Data block START
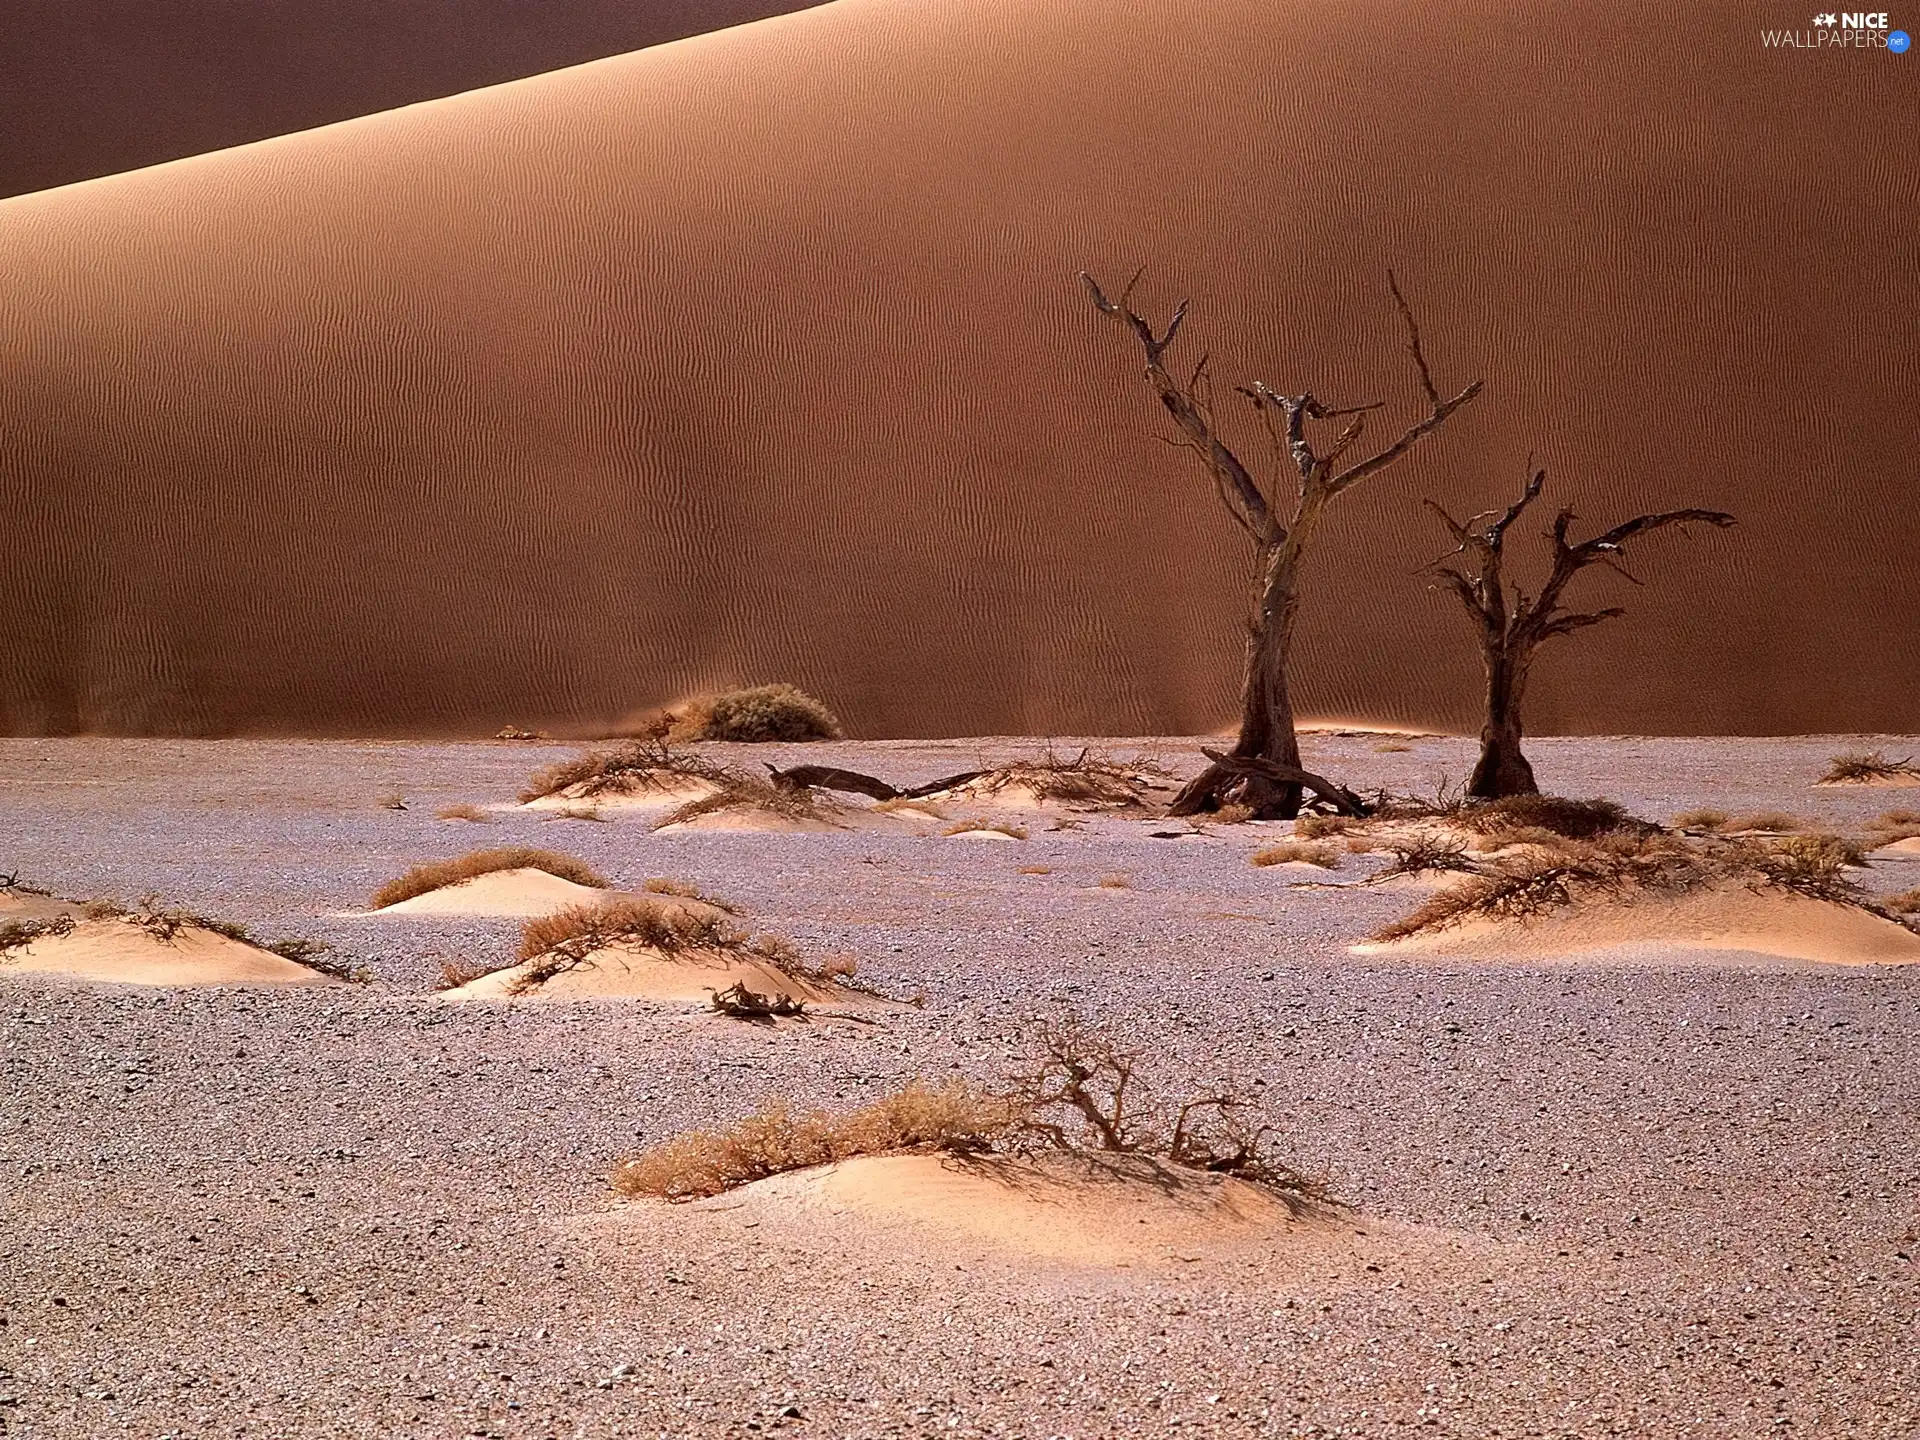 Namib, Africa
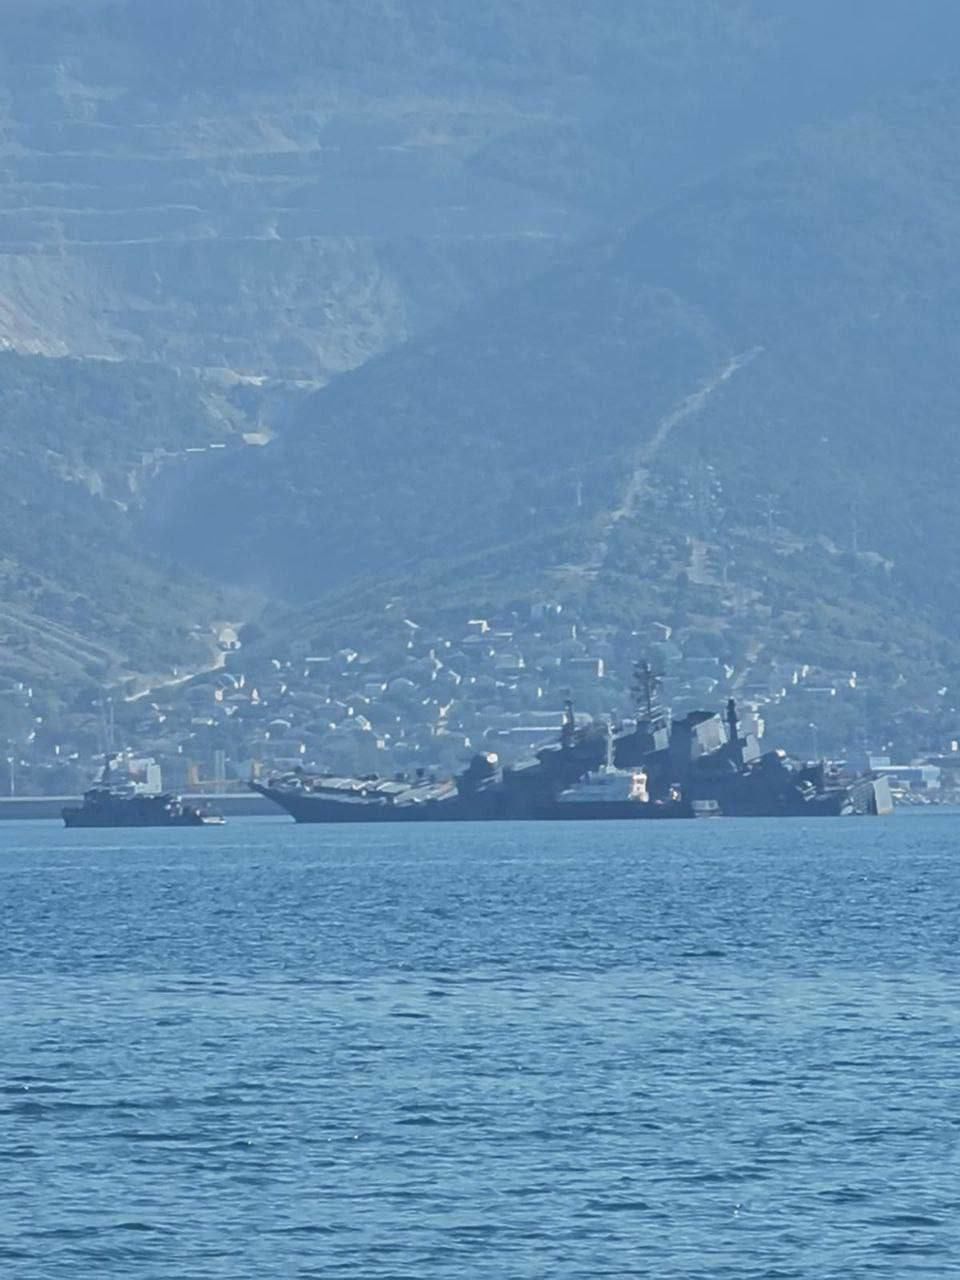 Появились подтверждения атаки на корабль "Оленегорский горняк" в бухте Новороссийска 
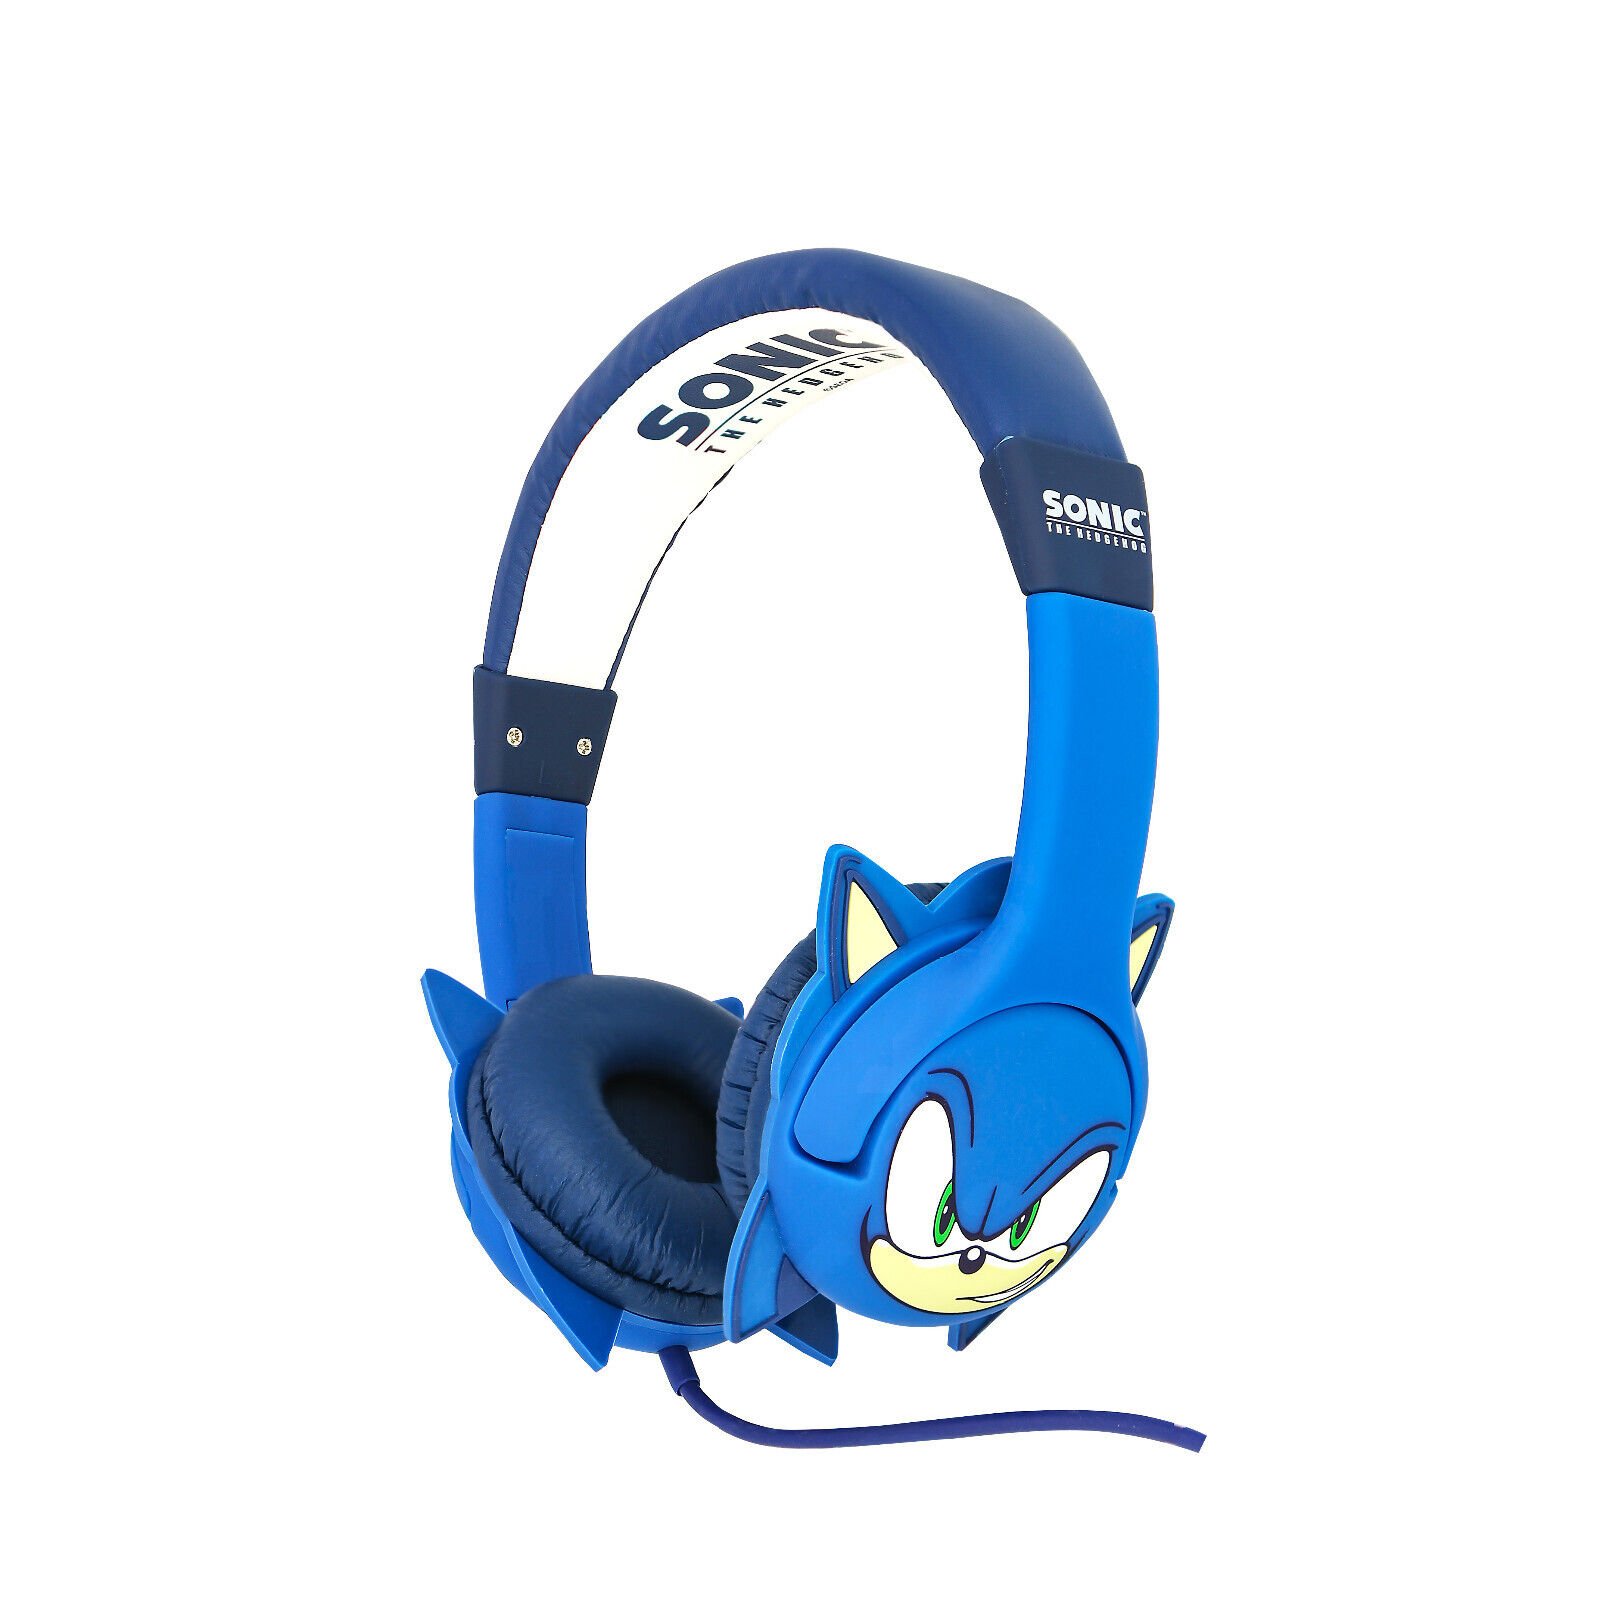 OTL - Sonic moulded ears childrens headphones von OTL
Data block END
| Exercise |
The full listing, reproduced exactly and without pictures, is the expected output.

| Task solution |
 Namib, Africa
 Появились подтверждения атаки на корабль "Оленегорский горняк" в бухте Новороссийска 
 OTL - Sonic moulded ears childrens headphones von OTL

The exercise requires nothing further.